Saving the Coral Sea's Reefs
Written by SurfWriter Girls Sunny Magdaug and Patti Kishel
Saving the ocean's coral reefs, which generate half the world's oxygen and sustain a fourth of its sea life, from natural and man-made disasters is a challenge to scientists and governments alike.
Yet, in Melanesia, in a distant part of the South Seas that includes Indonesia, Papua New Guinea, Australia and Fiji, a group of indigenous women known as the Sea Women of Melanesia is taking matters into their own hands to protect their local reefs.
Through a program launched in 2017 by the Coral Sea Foundation, Melanesian women are learning scuba diving and marine science skills so they can take an active role in creating and monitoring marine protected areas on their own coral reefs.
The program, which provides education and empowerment opportunities not readily available to island women, is enabling them to dive to the depths of the ocean, observing and gathering information to help restore and protect the reefs that are vital to Melanesia's ocean ecosystems.

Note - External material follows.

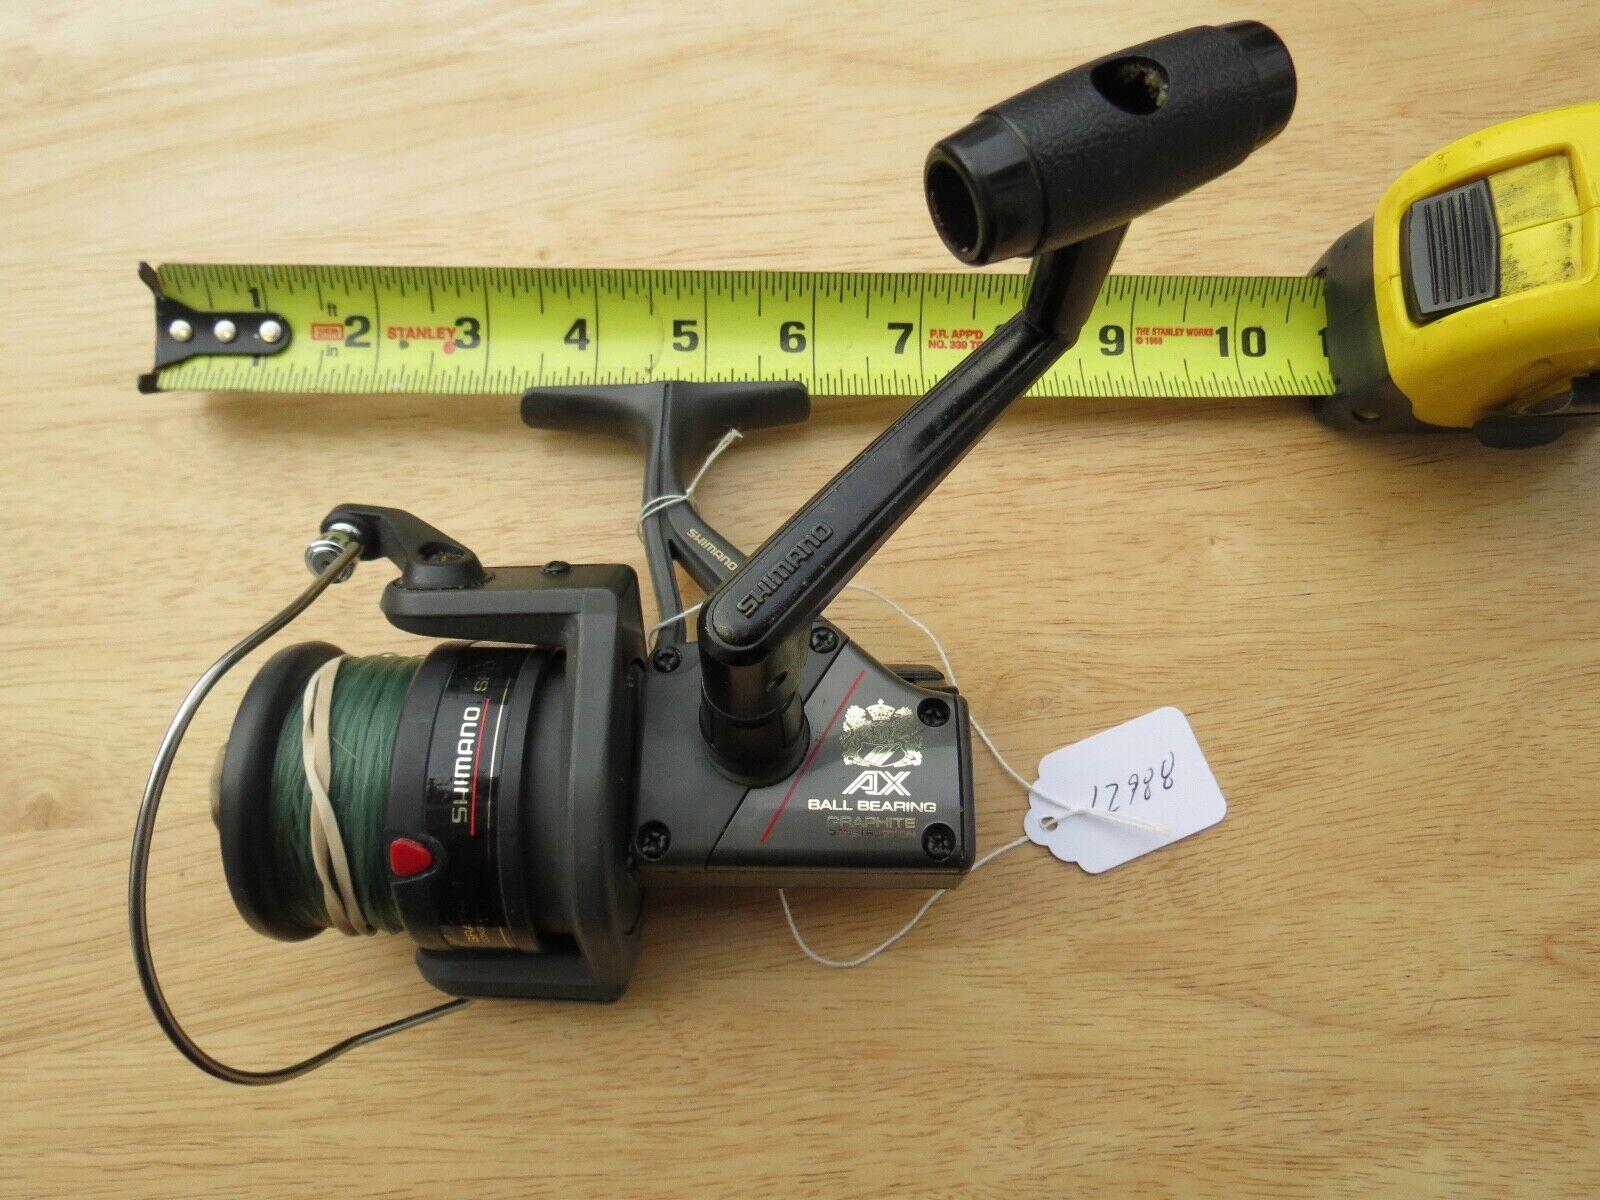 Shimano 400S AX Surf fishing reel made in Japan (Lot)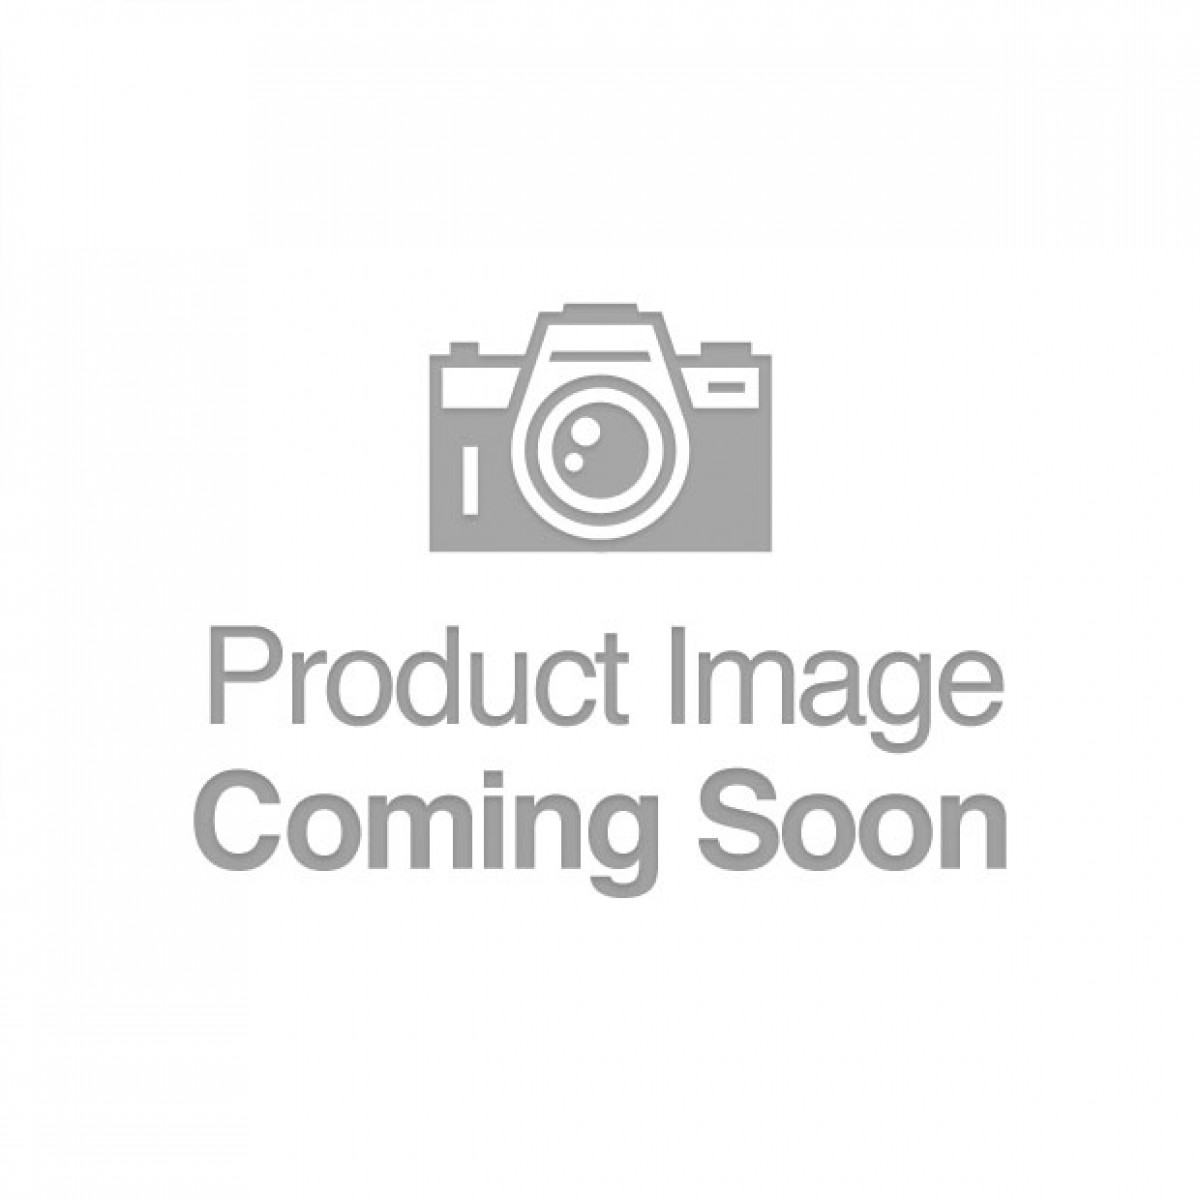 Kama Sutra Aromatic Oil - 8 Oz Harmony Blend

Made up of nearly 2,000 islands with a population of 12 million, Melanesia has about a half-dozen languages and cultures and its primary industries are fishing, farming, logging, and mining. In recent years, the number one source of income has become tourism, including surfing, skin diving, and eco-tours.
Dr. Andy Lewis, the founder and executive director of the Coral Sea Foundation, says that the program "grew out of a conversation I had with a young indigenous woman that wanted to protect the reefs of her homeland."
Today, in a culture where most young women marry early and are expected to stay at home, the Sea Women of Melanesia are using scuba gear, GPS technology, and computers to chart a different course - saving the coral reefs which support the life of their ocean.
Most of the women had never explored the underwater world before even though their lives revolved around it. But, when the health of the reefs was threatened and the fishermen brought back smaller catches, they wanted to do something to help.
In honor of the program's success, it won the prestigious Ocean Tribute Award 2020, sponsored by the Prince Albert of Monaco Foundation, that recognizes "innovative programs that support sustainable management of marine and coastal ecosystems."
Now, like the coral reefs themselves, the Sea Women of Melanesia are an essential part of the ocean.